If you click Prepare Genome without selecting no other feature, you will be prompted to insert through File Choosers the Essential Files mentioned at the beginning of this document. These files (.ptt, .ffn, .fna, proteome in SWISSPROT files) are obligatory for the genome to be prepared. In this procedure you will be prompted to provide a name for the project you are preparing, along with the Destination of the Directory that will be created.

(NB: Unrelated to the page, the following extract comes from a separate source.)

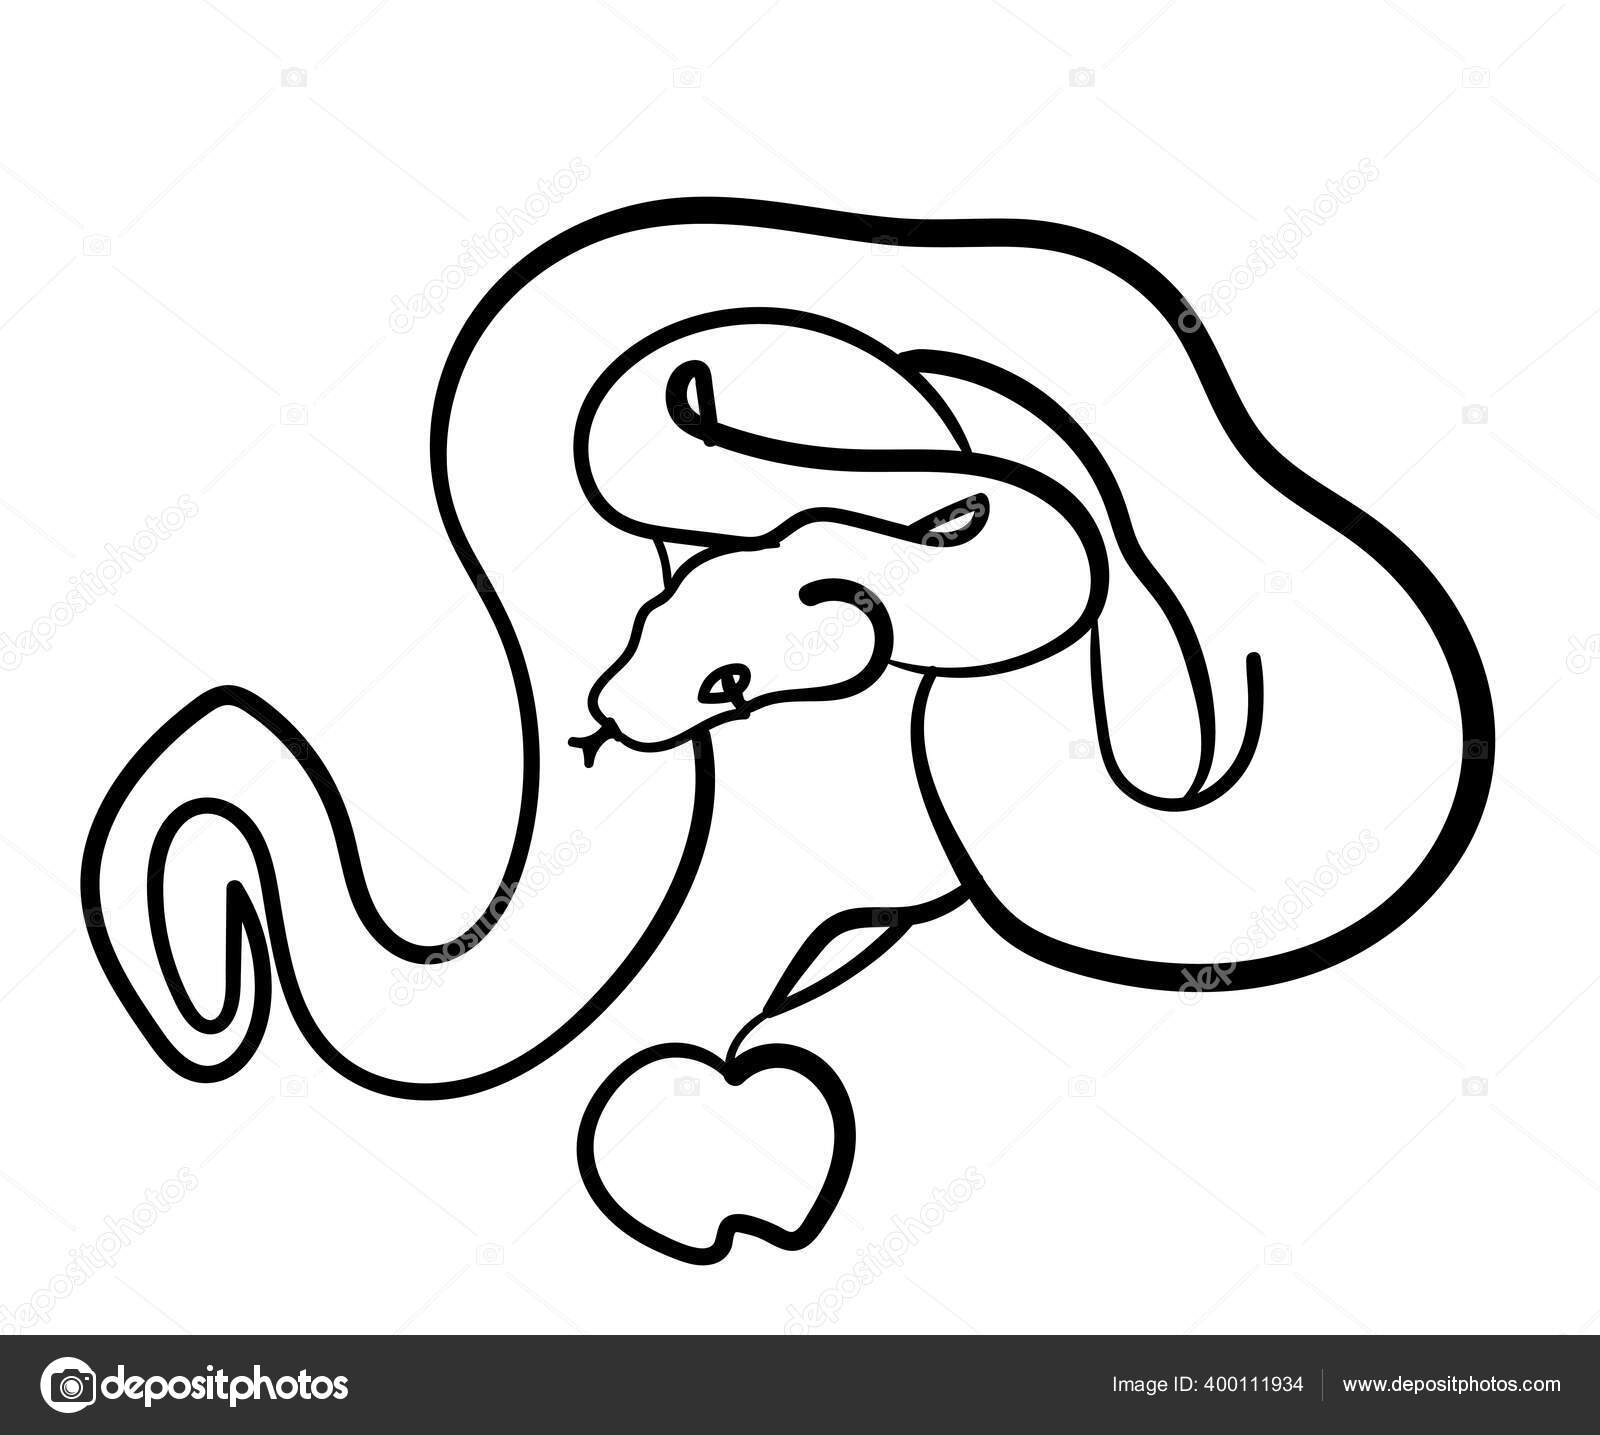 Cobra e maçã ilustração stock. Ilustração de tinta, réptil - 157164734

This procedure is standard and will take place each time you prepare a genome, regardless the Additional input files choices you have made.
2. Selecting Additional files
According to the data you have at hand (which additional files did you gather following the procedure mentioned above?), you have to select the relative cyan toggle buttons, and then enter the corresponding files, through File Choosers. Afterwards, you have to push the Prepare Genome button, enter the Essential files and wait for your genome to be prepared.
In this last picture you can see the procedure of locating a file through a File Chooser.